| name | audit |
| description | Full codebase audit orchestrator covering security, code quality, performance, and accessibility analysis with prioritized findings. |
| layer | orchestrator |
| category | orchestration |
| triggers | ["/audit","audit this codebase","full code audit","security audit","quality audit","review the whole project"] |
| inputs | ["Codebase path or repository","Optional audit scope (security, quality, performance, accessibility, or all)","Optional focus areas or concerns","Optional severity threshold for reporting"] |
| outputs | ["Categorized findings (security, quality, performance, accessibility)","Severity-ranked issue list (critical, high, medium, low, info)","Remediation recommendations per finding","Executive summary with overall health score","Actionable fix list ordered by priority"] |
| linksTo | ["scout","code-review","test","optimize","research","debug","fix","refactor","sequential-thinking","mermaid","docs-writer","plan"] |
| linkedFrom | ["team","ship"] |
| preferredNextSkills | ["fix","refactor","cook","ship"] |
| fallbackSkills | ["code-review","scout"] |
| riskLevel | low |
| memoryReadPolicy | full |
| memoryWritePolicy | always |
| sideEffects | ["Reads all source files (read-only analysis phase)","May run test suite to assess coverage","May run linting tools","Produces audit report artifacts","Does NOT modify code unless explicitly asked to fix findings"] |
Audit
Purpose
Audit is the comprehensive codebase analysis orchestrator. It systematically examines a codebase across four dimensions -- security, code quality, performance, and accessibility -- and produces a prioritized report of findings with remediation recommendations. Think of it as a thorough health checkup for your code.

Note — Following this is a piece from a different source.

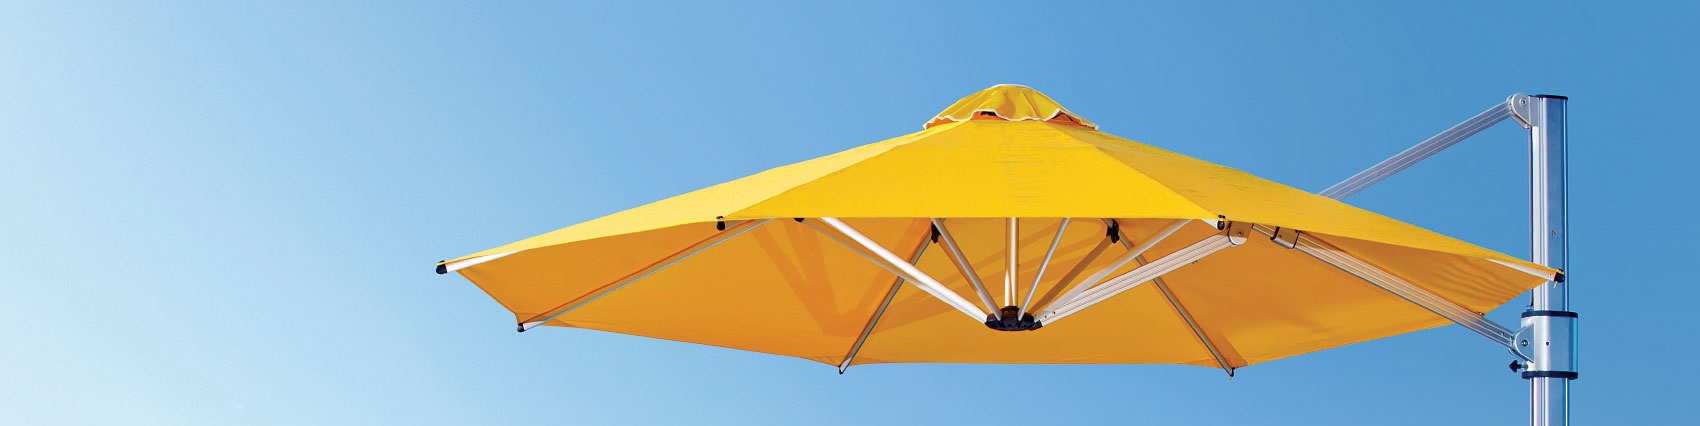 Patio Umbrellas by Offenbachers Home Escapes

Audit is read-only by default. It analyzes and reports but does not change code unless the user explicitly asks it to fix findings. This makes it safe to run at any time without risk of unintended changes.
Workflow
Phase 1: Scope & Inventory
- Parse audit parameters -- Determine what to audit (full or specific dimensions) and any focus areas.
- Invoke
scout -- Build a comprehensive inventory of the codebase:
- File count and types
- Directory structure
- Dependency list and versions
- Configuration files
- Test coverage status
- CI/CD configuration
- Establish baselines -- Record current metrics:
- Test count and pass rate
- Lint error count
- Bundle size (if applicable)
- Dependency count and age
Phase 2: Security Audit
- Dependency vulnerability scan -- Check all dependencies for known vulnerabilities:
- Outdated packages with security patches available
- Packages with known CVEs
- Abandoned or unmaintained dependencies
- Secret detection -- Scan for accidentally committed secrets:
- API keys, tokens, passwords in source code
- Hardcoded credentials in configuration
- Secrets in git history (if accessible)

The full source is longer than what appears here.